Need to show someone a portion of what’s on your computer screen? In Windows, go to the Start Menu and type “snipping tool” in the search box. Once the tool is open, click “New,” and then select any area on your screen you wish to capture. The image can then be written on, drawn on, saved, or shared. What’s great is that the image is automatically saved to your clipboard and can then be pasted into a document or email. You also can pin the tool so you can easily use it whenever you need it.

With Mac OS X, use Command+Shift+4 or the Grab app to do much the same thing.

3. Use clicks rather than dragging to highlight words.

In Microsoft Word, instead of carefully pointing to your desired word with your cursor and dragging to highlight it, you can simply double-click on it. You can triple-click to highlight a whole paragraph. You can use Ctrl+Backspace to delete a whole word.

4. Use the “Copy as path” option

Say you need to tell a colleague where to find a file in a shared folder. In Windows, to copy the path of a folder (such as M:\Important Stuff\Firm Holiday Schedule.docx), hold down the Shift key and right-click the file or folder that you want and select Copy as path. The path will be copied to your Clipboard, and you can then paste it where you need to. This tip can also come in handy when you’re attaching files to emails or filling in dialog boxes.

5. Use the Windows+L shortcut to lock your computer

All that sensitive data on your computer makes it pretty risky to walk away without shutting things down or locking things up. To lock up without having to go through the Start Menu or logging off entirely, press the Windows logo key plus L.

6. Use Windows+m and the Shake function to minimize items.

Pressing the Windows logo key+m automatically minimizes all open windows on your desktop at once.  Or, if you want to keep just one window open, click on the title bar of that window and “shake” it back and forth. This function will minimize all other open applications and only keep that one application maximized.

7. Use the “Save as PDF” add-in to streamline PDF creation.

PDFs are very helpful for sending files to clients or co-workers. Saving a document as a PDF ensures that it will look the same way to them as it does to you, regardless of what software they’re using. This leaves your documents safe, accessible, and secure for the long term. To save documents as PDFs using Microsoft Office applications such as Word or Excel, click File, Save As, and in the Save as type box, choose PDF or XPS from dropdown list. Depending on the version of Word or Excel you are using, you may have the choice to Save as PDF after you click File or on the Microsoft Office button at the top left.

8. Use the Format Painter function to copy formatting.
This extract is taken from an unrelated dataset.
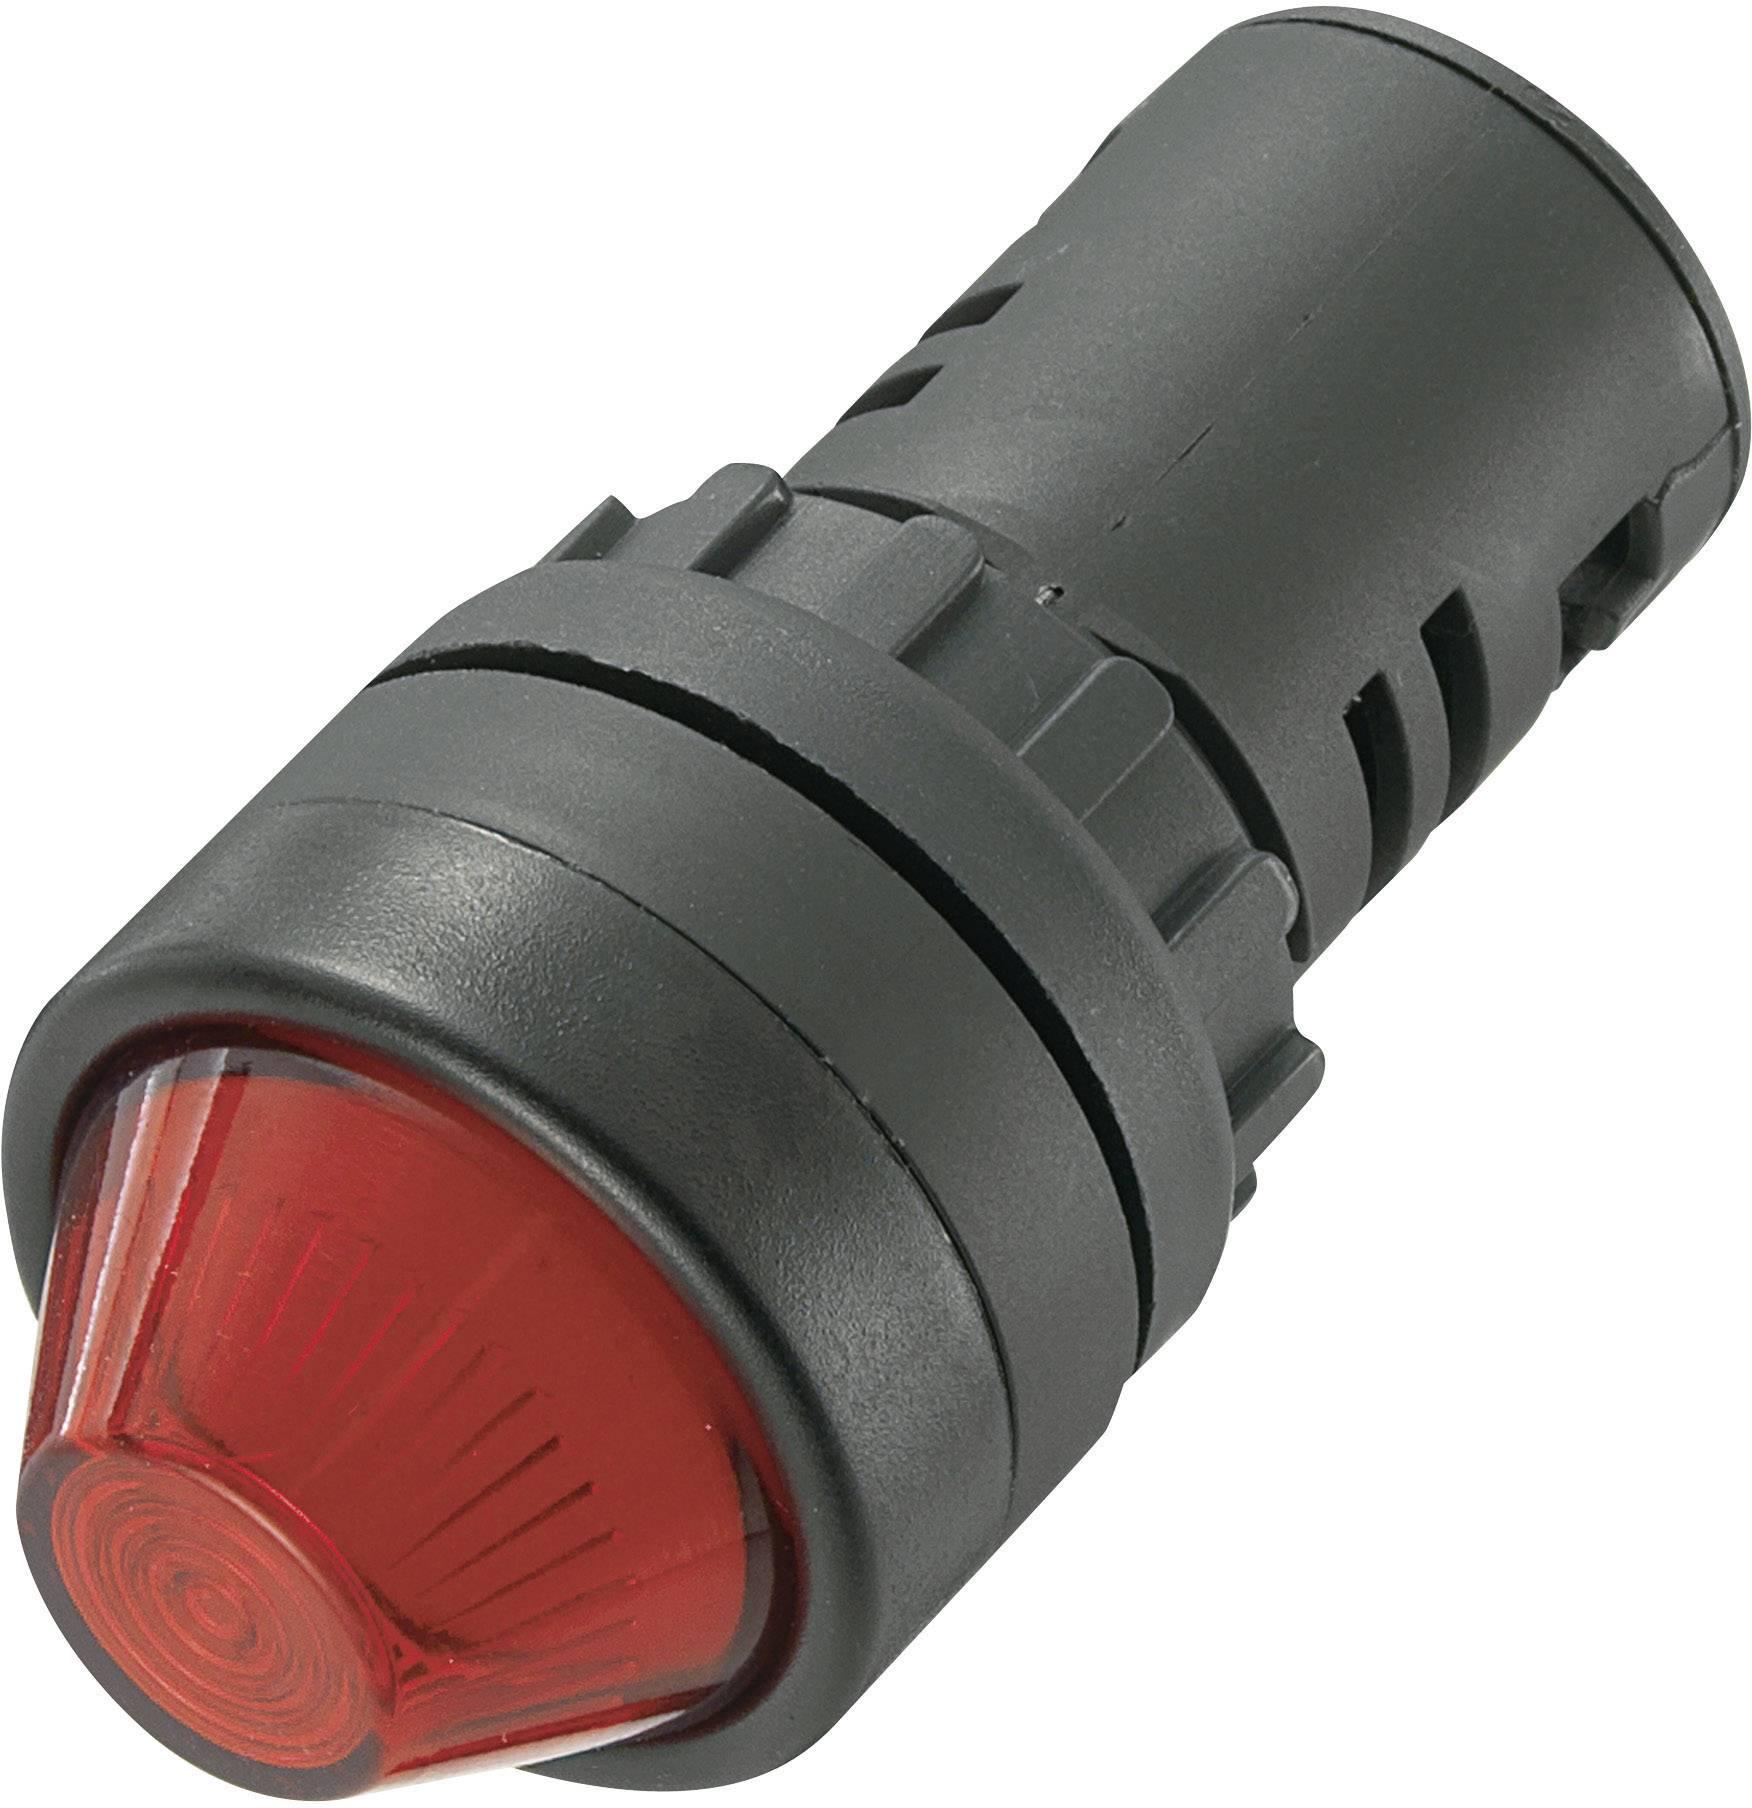 LED signálka AD16-22HS/230V/R, 230 V/AC, červená

The Format Painter function allows you to copy formatting from one part of a Word or Excel document and apply it to a separate part of the document, thus sparing you from having to copy different parts of a format one by one. For instance, you can use Format Painter to easily change the size and style of a font and the paragraph size of a passage you have copied from one document into the same format of the document in which you have pasted it. Select the item (font, bullet, paragraph style, etc.) you like the look of, then click on the Home tab, followed by Format Painter. Next, select the item you want to match it. This tip is especially helpful in Excel because it provides you with an easy way to keep the format consistent and uniform. (You can also use the keyboard shortcuts: Ctrl+Shift+c to copy the format, and Ctrl+Shift+v to add the format to the text where you need it.)
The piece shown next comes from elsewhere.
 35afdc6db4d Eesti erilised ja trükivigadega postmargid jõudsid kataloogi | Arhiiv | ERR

9. Search Google, not the website you are interested in

Most websites have search functions, but not all of them are efficient. Using Google to search a particular site for something—and not the website’s own search function—can save time and be much more accurate. Let’s say that you wanted to find out more about Byron Patrick. Type “ Byron” in the Google search bar. That will bring up mentions of him on his company website. Through Google you can easily see a list of sections within the website that you can choose to go to.

Lucinda Harper is a freelance writer based in Durham, N.C.